[Items from a dataset]
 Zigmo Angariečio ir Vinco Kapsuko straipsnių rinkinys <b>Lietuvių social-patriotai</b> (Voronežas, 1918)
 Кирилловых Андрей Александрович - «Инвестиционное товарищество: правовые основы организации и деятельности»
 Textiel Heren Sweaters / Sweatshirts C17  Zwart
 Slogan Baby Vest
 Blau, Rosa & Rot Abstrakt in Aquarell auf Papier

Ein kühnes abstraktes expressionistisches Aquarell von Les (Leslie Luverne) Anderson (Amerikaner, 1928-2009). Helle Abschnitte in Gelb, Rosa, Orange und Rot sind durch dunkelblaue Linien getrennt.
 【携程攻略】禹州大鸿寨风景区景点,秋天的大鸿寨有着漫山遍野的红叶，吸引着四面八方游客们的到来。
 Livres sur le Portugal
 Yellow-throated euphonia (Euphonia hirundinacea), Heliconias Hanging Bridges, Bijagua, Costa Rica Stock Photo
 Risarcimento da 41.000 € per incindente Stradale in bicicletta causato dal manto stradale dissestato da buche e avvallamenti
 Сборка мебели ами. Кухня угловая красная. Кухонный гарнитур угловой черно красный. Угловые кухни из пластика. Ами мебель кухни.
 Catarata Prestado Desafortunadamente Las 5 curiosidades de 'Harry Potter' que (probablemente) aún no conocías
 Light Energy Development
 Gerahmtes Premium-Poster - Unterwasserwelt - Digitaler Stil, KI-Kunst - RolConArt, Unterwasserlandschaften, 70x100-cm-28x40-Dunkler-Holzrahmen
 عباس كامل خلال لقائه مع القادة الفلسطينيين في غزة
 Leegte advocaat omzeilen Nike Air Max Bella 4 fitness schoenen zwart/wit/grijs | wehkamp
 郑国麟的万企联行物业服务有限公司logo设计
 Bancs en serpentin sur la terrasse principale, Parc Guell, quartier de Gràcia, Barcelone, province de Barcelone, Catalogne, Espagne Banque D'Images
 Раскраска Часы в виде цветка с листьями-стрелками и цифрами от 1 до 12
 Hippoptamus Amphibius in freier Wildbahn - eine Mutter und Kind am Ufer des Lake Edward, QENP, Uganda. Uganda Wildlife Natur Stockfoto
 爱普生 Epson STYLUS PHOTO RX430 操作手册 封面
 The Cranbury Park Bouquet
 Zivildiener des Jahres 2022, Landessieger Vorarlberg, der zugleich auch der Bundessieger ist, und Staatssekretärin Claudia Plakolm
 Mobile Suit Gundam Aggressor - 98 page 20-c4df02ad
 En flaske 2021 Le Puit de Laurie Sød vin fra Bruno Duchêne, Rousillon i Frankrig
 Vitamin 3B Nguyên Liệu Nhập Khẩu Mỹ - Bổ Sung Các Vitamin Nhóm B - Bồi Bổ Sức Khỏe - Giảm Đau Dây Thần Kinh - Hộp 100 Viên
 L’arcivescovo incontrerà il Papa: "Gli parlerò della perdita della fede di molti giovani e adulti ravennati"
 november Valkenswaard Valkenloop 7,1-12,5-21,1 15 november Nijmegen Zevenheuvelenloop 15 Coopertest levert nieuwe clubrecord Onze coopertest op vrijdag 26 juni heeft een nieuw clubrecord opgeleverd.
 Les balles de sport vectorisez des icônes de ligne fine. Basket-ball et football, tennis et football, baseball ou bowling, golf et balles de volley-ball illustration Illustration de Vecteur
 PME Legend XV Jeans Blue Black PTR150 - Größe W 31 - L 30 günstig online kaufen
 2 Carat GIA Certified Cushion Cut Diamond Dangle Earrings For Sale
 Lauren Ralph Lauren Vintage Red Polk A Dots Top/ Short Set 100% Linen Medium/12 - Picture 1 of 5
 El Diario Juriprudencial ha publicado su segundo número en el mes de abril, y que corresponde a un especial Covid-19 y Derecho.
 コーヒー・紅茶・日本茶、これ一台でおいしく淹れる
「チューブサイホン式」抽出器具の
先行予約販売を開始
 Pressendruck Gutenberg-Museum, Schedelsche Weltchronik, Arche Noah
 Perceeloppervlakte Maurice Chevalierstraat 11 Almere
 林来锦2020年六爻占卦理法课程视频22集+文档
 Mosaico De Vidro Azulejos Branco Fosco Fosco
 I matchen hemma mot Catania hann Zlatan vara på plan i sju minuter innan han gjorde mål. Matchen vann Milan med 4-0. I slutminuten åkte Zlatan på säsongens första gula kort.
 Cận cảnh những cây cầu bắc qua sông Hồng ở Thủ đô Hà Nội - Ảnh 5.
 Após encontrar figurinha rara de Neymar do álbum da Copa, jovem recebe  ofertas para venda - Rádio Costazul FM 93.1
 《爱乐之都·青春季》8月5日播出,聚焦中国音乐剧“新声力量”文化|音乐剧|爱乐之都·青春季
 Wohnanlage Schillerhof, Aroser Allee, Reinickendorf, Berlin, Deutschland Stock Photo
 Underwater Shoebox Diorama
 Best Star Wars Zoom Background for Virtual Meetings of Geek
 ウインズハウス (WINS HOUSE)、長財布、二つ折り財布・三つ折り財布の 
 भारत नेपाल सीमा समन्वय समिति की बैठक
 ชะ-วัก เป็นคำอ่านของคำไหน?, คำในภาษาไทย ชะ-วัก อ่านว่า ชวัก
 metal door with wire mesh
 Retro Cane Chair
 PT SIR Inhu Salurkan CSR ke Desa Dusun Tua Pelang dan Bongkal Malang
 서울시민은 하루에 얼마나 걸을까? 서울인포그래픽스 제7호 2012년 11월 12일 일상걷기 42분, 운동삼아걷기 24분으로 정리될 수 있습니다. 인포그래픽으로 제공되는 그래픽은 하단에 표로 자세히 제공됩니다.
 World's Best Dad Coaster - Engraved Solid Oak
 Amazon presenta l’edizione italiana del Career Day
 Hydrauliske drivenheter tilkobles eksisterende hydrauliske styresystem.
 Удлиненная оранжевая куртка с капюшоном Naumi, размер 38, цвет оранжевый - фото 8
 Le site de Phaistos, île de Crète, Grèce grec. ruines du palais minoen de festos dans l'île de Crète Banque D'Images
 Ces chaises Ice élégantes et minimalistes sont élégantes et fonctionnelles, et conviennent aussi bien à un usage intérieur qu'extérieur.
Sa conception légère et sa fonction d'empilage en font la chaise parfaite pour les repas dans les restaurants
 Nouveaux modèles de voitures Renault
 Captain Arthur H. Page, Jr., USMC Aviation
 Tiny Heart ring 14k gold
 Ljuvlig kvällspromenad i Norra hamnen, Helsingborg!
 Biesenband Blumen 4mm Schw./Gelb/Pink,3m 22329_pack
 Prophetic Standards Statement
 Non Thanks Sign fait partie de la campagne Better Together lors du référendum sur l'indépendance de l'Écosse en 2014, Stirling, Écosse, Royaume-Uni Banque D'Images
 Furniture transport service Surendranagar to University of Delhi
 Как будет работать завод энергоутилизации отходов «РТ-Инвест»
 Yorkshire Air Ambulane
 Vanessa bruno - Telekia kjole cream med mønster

Task requirements: Reproduce the entries exactly, dropping nothing.

Worked solution:
 Zigmo Angariečio ir Vinco Kapsuko straipsnių rinkinys <b>Lietuvių social-patriotai</b> (Voronežas, 1918)
 Кирилловых Андрей Александрович - «Инвестиционное товарищество: правовые основы организации и деятельности»
 Textiel Heren Sweaters / Sweatshirts C17  Zwart
 Slogan Baby Vest
 Blau, Rosa & Rot Abstrakt in Aquarell auf Papier

Ein kühnes abstraktes expressionistisches Aquarell von Les (Leslie Luverne) Anderson (Amerikaner, 1928-2009). Helle Abschnitte in Gelb, Rosa, Orange und Rot sind durch dunkelblaue Linien getrennt.
 【携程攻略】禹州大鸿寨风景区景点,秋天的大鸿寨有着漫山遍野的红叶，吸引着四面八方游客们的到来。
 Livres sur le Portugal
 Yellow-throated euphonia (Euphonia hirundinacea), Heliconias Hanging Bridges, Bijagua, Costa Rica Stock Photo
 Risarcimento da 41.000 € per incindente Stradale in bicicletta causato dal manto stradale dissestato da buche e avvallamenti
 Сборка мебели ами. Кухня угловая красная. Кухонный гарнитур угловой черно красный. Угловые кухни из пластика. Ами мебель кухни.
 Catarata Prestado Desafortunadamente Las 5 curiosidades de 'Harry Potter' que (probablemente) aún no conocías
 Light Energy Development
 Gerahmtes Premium-Poster - Unterwasserwelt - Digitaler Stil, KI-Kunst - RolConArt, Unterwasserlandschaften, 70x100-cm-28x40-Dunkler-Holzrahmen
 عباس كامل خلال لقائه مع القادة الفلسطينيين في غزة
 Leegte advocaat omzeilen Nike Air Max Bella 4 fitness schoenen zwart/wit/grijs | wehkamp
 郑国麟的万企联行物业服务有限公司logo设计
 Bancs en serpentin sur la terrasse principale, Parc Guell, quartier de Gràcia, Barcelone, province de Barcelone, Catalogne, Espagne Banque D'Images
 Раскраска Часы в виде цветка с листьями-стрелками и цифрами от 1 до 12
 Hippoptamus Amphibius in freier Wildbahn - eine Mutter und Kind am Ufer des Lake Edward, QENP, Uganda. Uganda Wildlife Natur Stockfoto
 爱普生 Epson STYLUS PHOTO RX430 操作手册 封面
 The Cranbury Park Bouquet
 Zivildiener des Jahres 2022, Landessieger Vorarlberg, der zugleich auch der Bundessieger ist, und Staatssekretärin Claudia Plakolm
 Mobile Suit Gundam Aggressor - 98 page 20-c4df02ad
 En flaske 2021 Le Puit de Laurie Sød vin fra Bruno Duchêne, Rousillon i Frankrig
 Vitamin 3B Nguyên Liệu Nhập Khẩu Mỹ - Bổ Sung Các Vitamin Nhóm B - Bồi Bổ Sức Khỏe - Giảm Đau Dây Thần Kinh - Hộp 100 Viên
 L’arcivescovo incontrerà il Papa: "Gli parlerò della perdita della fede di molti giovani e adulti ravennati"
 november Valkenswaard Valkenloop 7,1-12,5-21,1 15 november Nijmegen Zevenheuvelenloop 15 Coopertest levert nieuwe clubrecord Onze coopertest op vrijdag 26 juni heeft een nieuw clubrecord opgeleverd.
 Les balles de sport vectorisez des icônes de ligne fine. Basket-ball et football, tennis et football, baseball ou bowling, golf et balles de volley-ball illustration Illustration de Vecteur
 PME Legend XV Jeans Blue Black PTR150 - Größe W 31 - L 30 günstig online kaufen
 2 Carat GIA Certified Cushion Cut Diamond Dangle Earrings For Sale
 Lauren Ralph Lauren Vintage Red Polk A Dots Top/ Short Set 100% Linen Medium/12 - Picture 1 of 5
 El Diario Juriprudencial ha publicado su segundo número en el mes de abril, y que corresponde a un especial Covid-19 y Derecho.
 コーヒー・紅茶・日本茶、これ一台でおいしく淹れる
「チューブサイホン式」抽出器具の
先行予約販売を開始
 Pressendruck Gutenberg-Museum, Schedelsche Weltchronik, Arche Noah
 Perceeloppervlakte Maurice Chevalierstraat 11 Almere
 林来锦2020年六爻占卦理法课程视频22集+文档
 Mosaico De Vidro Azulejos Branco Fosco Fosco
 I matchen hemma mot Catania hann Zlatan vara på plan i sju minuter innan han gjorde mål. Matchen vann Milan med 4-0. I slutminuten åkte Zlatan på säsongens första gula kort.
 Cận cảnh những cây cầu bắc qua sông Hồng ở Thủ đô Hà Nội - Ảnh 5.
 Após encontrar figurinha rara de Neymar do álbum da Copa, jovem recebe  ofertas para venda - Rádio Costazul FM 93.1
 《爱乐之都·青春季》8月5日播出,聚焦中国音乐剧“新声力量”文化|音乐剧|爱乐之都·青春季
 Wohnanlage Schillerhof, Aroser Allee, Reinickendorf, Berlin, Deutschland Stock Photo
 Underwater Shoebox Diorama
 Best Star Wars Zoom Background for Virtual Meetings of Geek
 ウインズハウス (WINS HOUSE)、長財布、二つ折り財布・三つ折り財布の 
 भारत नेपाल सीमा समन्वय समिति की बैठक
 ชะ-วัก เป็นคำอ่านของคำไหน?, คำในภาษาไทย ชะ-วัก อ่านว่า ชวัก
 metal door with wire mesh
 Retro Cane Chair
 PT SIR Inhu Salurkan CSR ke Desa Dusun Tua Pelang dan Bongkal Malang
 서울시민은 하루에 얼마나 걸을까? 서울인포그래픽스 제7호 2012년 11월 12일 일상걷기 42분, 운동삼아걷기 24분으로 정리될 수 있습니다. 인포그래픽으로 제공되는 그래픽은 하단에 표로 자세히 제공됩니다.
 World's Best Dad Coaster - Engraved Solid Oak
 Amazon presenta l’edizione italiana del Career Day
 Hydrauliske drivenheter tilkobles eksisterende hydrauliske styresystem.
 Удлиненная оранжевая куртка с капюшоном Naumi, размер 38, цвет оранжевый - фото 8
 Le site de Phaistos, île de Crète, Grèce grec. ruines du palais minoen de festos dans l'île de Crète Banque D'Images
 Ces chaises Ice élégantes et minimalistes sont élégantes et fonctionnelles, et conviennent aussi bien à un usage intérieur qu'extérieur.
Sa conception légère et sa fonction d'empilage en font la chaise parfaite pour les repas dans les restaurants
 Nouveaux modèles de voitures Renault
 Captain Arthur H. Page, Jr., USMC Aviation
 Tiny Heart ring 14k gold
 Ljuvlig kvällspromenad i Norra hamnen, Helsingborg!
 Biesenband Blumen 4mm Schw./Gelb/Pink,3m 22329_pack
 Prophetic Standards Statement
 Non Thanks Sign fait partie de la campagne Better Together lors du référendum sur l'indépendance de l'Écosse en 2014, Stirling, Écosse, Royaume-Uni Banque D'Images
 Furniture transport service Surendranagar to University of Delhi
 Как будет работать завод энергоутилизации отходов «РТ-Инвест»
 Yorkshire Air Ambulane
 Vanessa bruno - Telekia kjole cream med mønster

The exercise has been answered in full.